BG Schools program focuses on positive behaviors

Crim Elementary teachers describe new program.


BG Independent News


It’s hard to teach science theories, sentence dissection, or just about anything when kids are acting up. So Bowling Green City Schools are adopting a program called PBIS – Positive Behavior Intervention Supports.

The program provides consistent rules throughout the district and reinforces positive behaviors by students.

In order to have good learning environments, “we have to get the behaviors under control,” Crim Principal Melanie Garbig said during a recent board of education meeting.

Each school in the district has a PBIS team, spearheaded by the guidance counselors, with the goal to have the program fully implemented next year. The program reinforces the same expectations to all students – from preschoolers to seniors. Students are reminded to be responsible for themselves, respectful of others, and safe in their schools. That common language will follow the students every year of school.

“Those expectations are going to be the same,” Garbig said. “I think it’s going to make a difference.”

The PBIS program focuses on positive reinforcement. Students caught being good are given “pride” slips. “Pride” postcards signed by teachers, are addressed to children and mailed to their homes.

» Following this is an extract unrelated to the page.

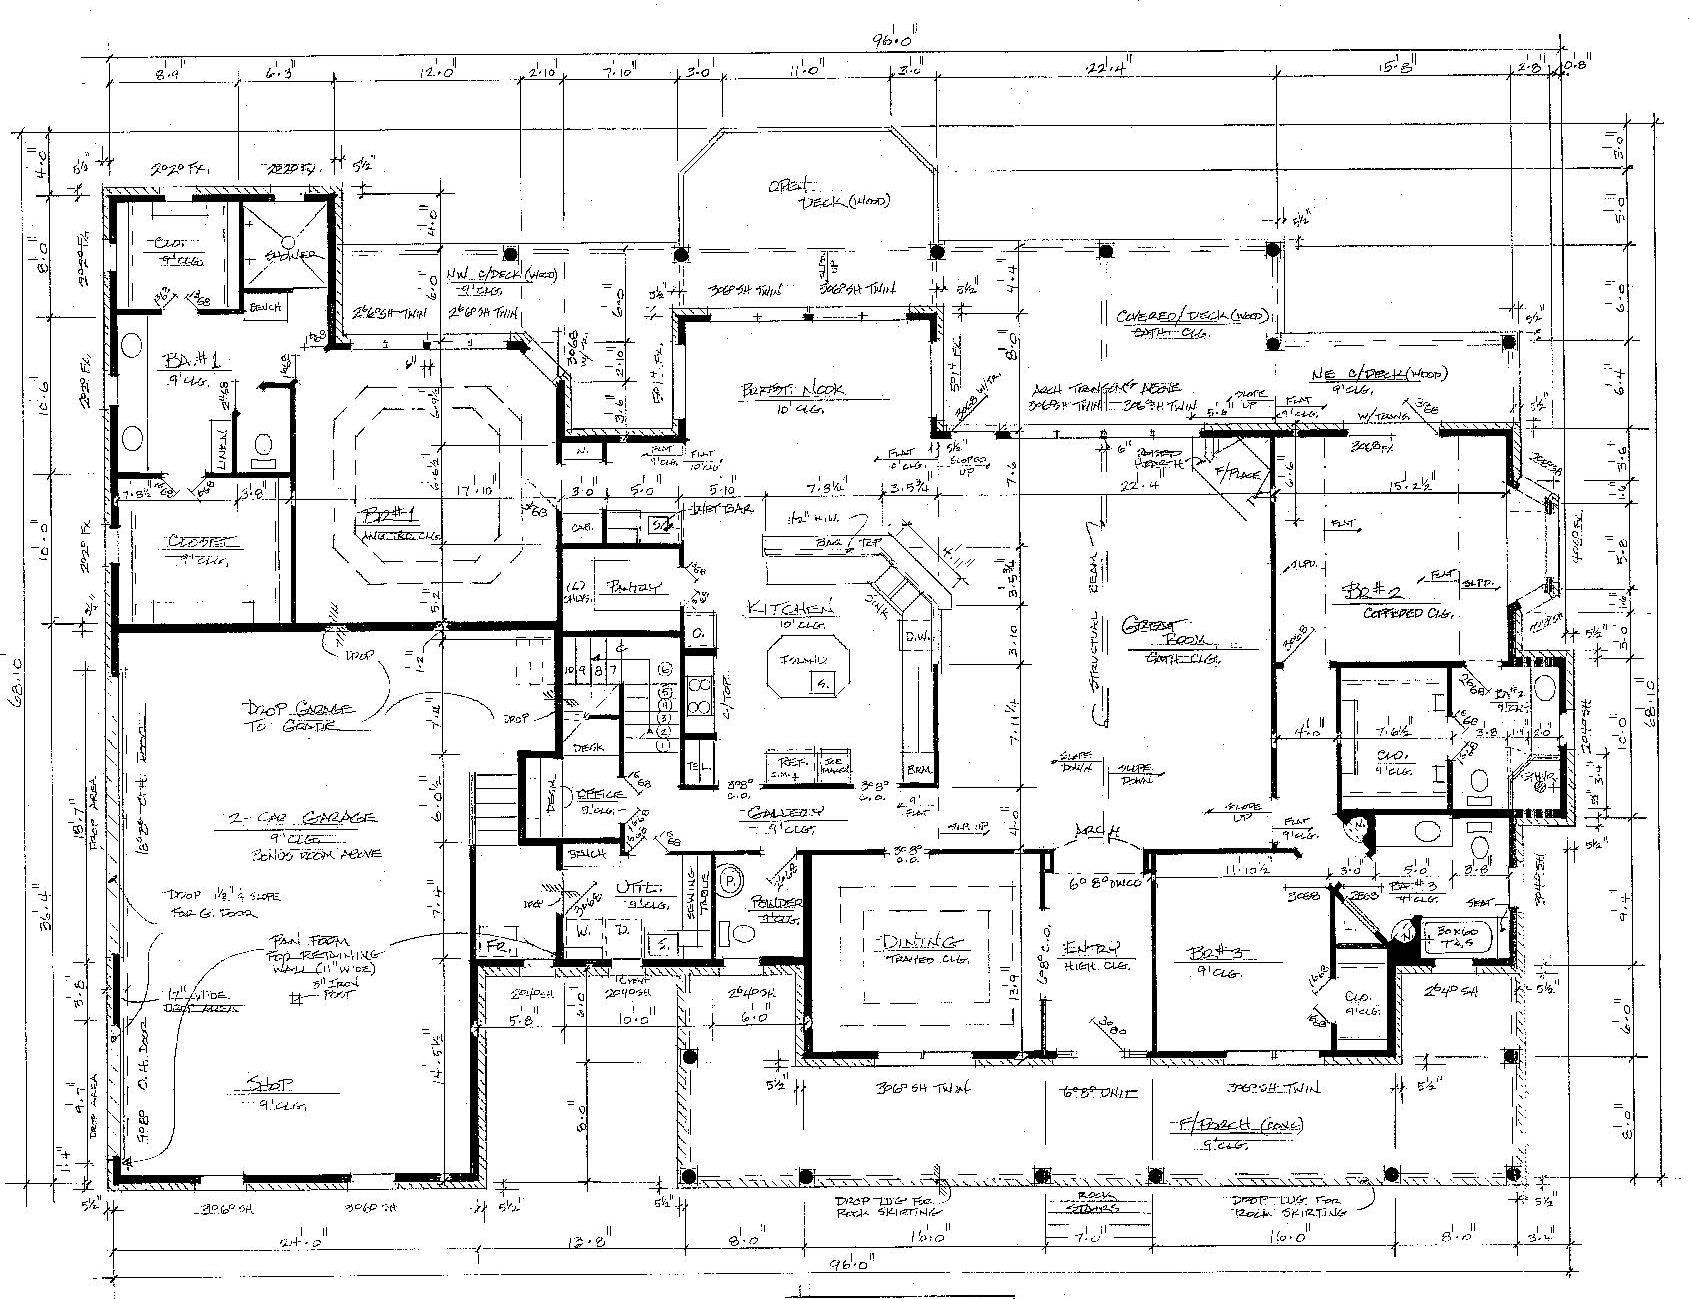 1689x1299 Splendid Design Ideas Home Architect Blueprints 11 House Plan

“It’s a way to celebrate the positive behaviors,” said teacher Stacey Higgins.

Posters stating expectations of students are placed around the school, defining good behavior in the hallways, cafeteria, playground, bus, or during assemblies.

To trick is to make it fun to behave. Crim staff and students made a video showing examples of bad and good behavior. The twist was that the teachers were the ones misbehaving, and the students were schooling them.

The video shows teachers messing around during lunch, running in the halls, banging on bathroom doors, throwing items in the classroom, and climbing around the seats on the bus. The students then get their turn of exhibiting the right way to behave in each setting.

“Obviously there’s more to education than reading and writing,” said school board member Paul Walker.